11月24日に宮当番が掃除に訪れた際は無事で、 それ以降に被害に遭ったと見られる。 五台山ふもとの同集落では11月20日にクマのフンが見つかり、 21、 22の両日にはカキの木が折られ、 山際のカキが食べられていた。 カキが食べられた現場は鴨内川と県道を隔てた集落の南側。
同集落近くの香良では先月18日にクマが目撃されるなど、 以前から出没報告があるが、 鴨内では報告がなく、 住民は戸惑っている。 同集落では、 11月の山林日役を中止、 12月1日の子どもの夜警も中止。 夜のウォーキングを控えたり、 クマに出られては物騒と、 家の近くに植わっているカキをもぐ人も出ている。
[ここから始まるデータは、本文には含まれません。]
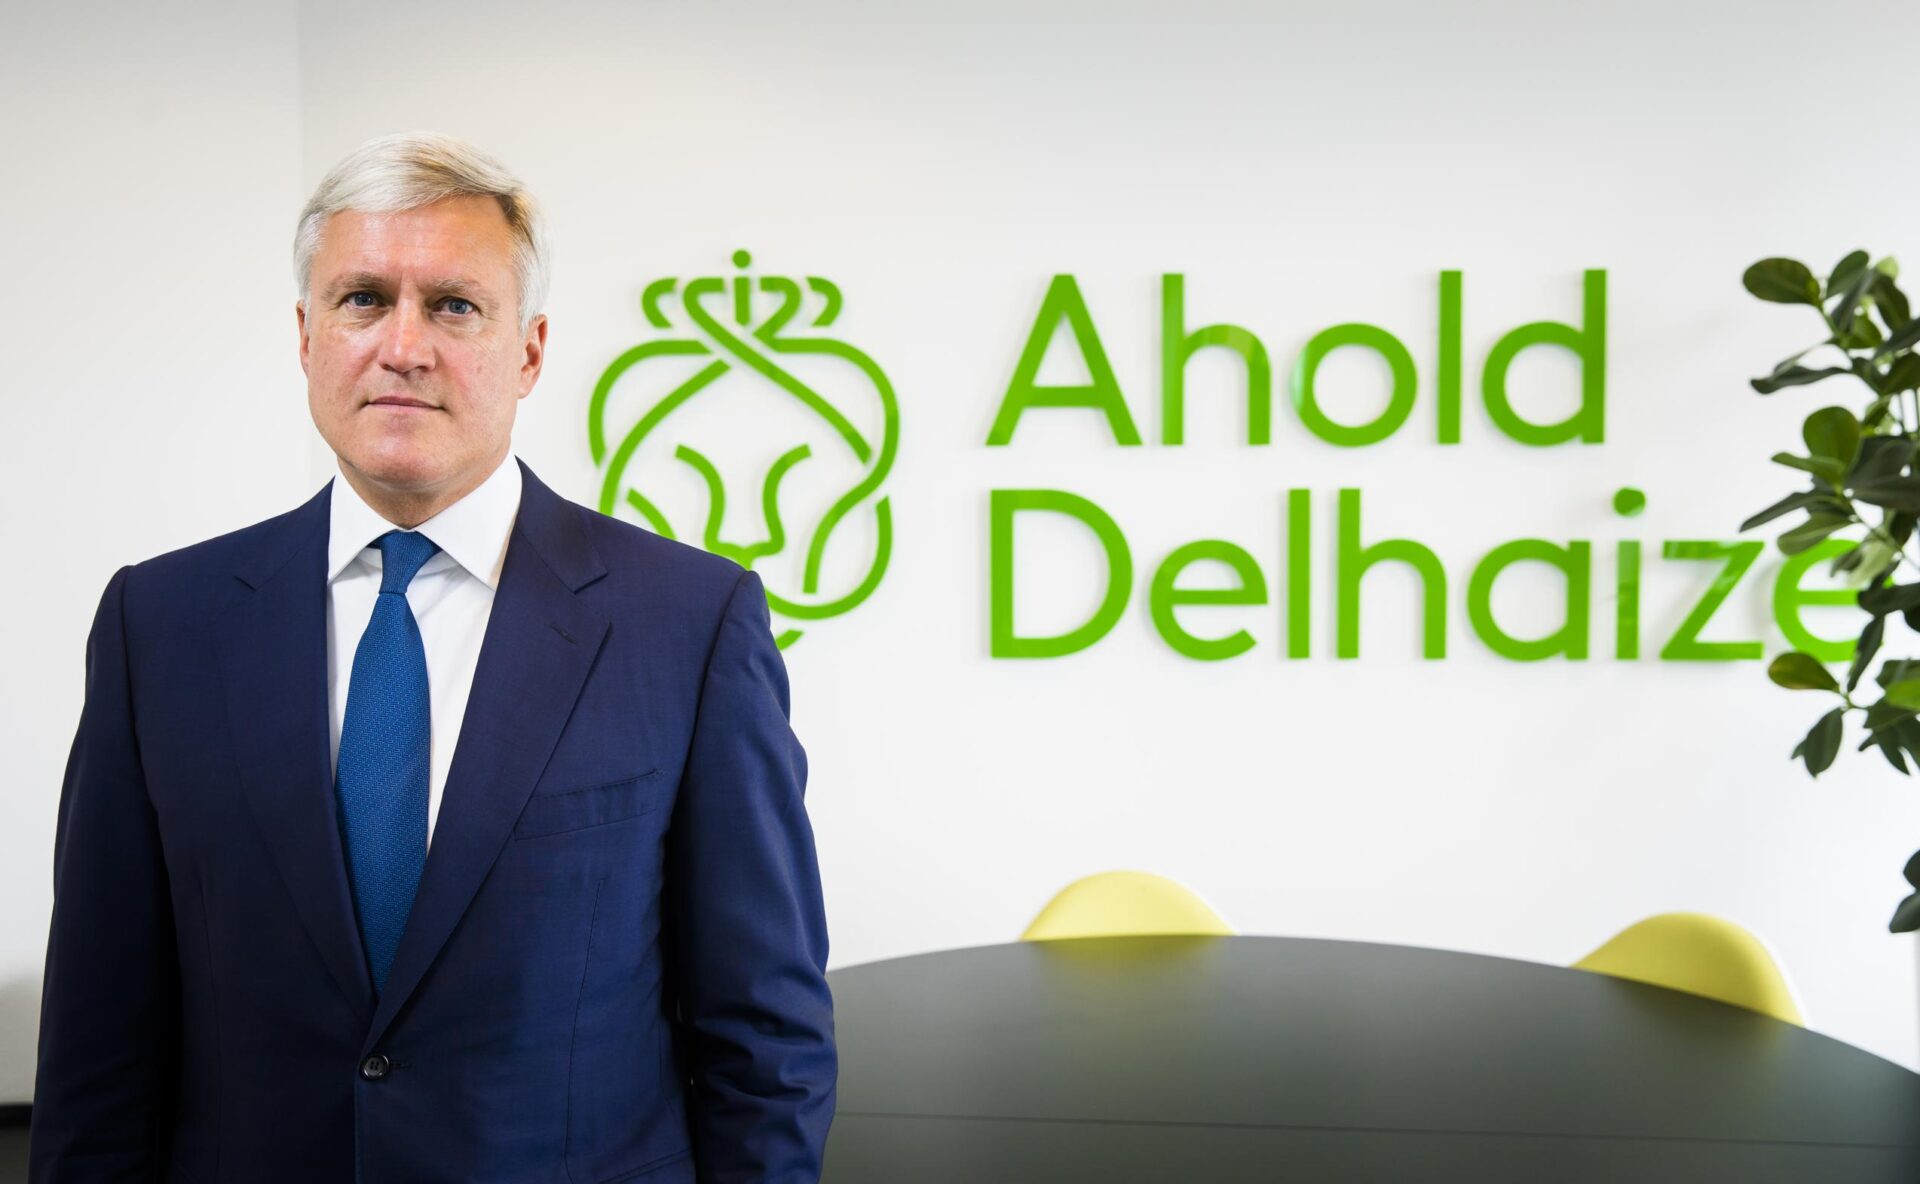 Ahold Delhaize wil verder met CEO Frans Muller

県森林動物研究センター (青垣町沢野) の稲葉一明森林動物専門員によると、 篠山市や但馬、 播磨で同様の被害事例があったという。 クマの出没頻度が高い地域では、 早めにミツバチの巣を除去するよう助言しているという。
また、 甘いものは高カロリーで、 効率的に冬眠前の栄養が取れるとして、 ハチミツもカキも好物という。 「山際のカキを食べ尽くすと、 集落の中や、 庭先まで来ることもある。 集落に引きつけることになりかねないので、 不要なカキはもいだ方がいい」 と話している。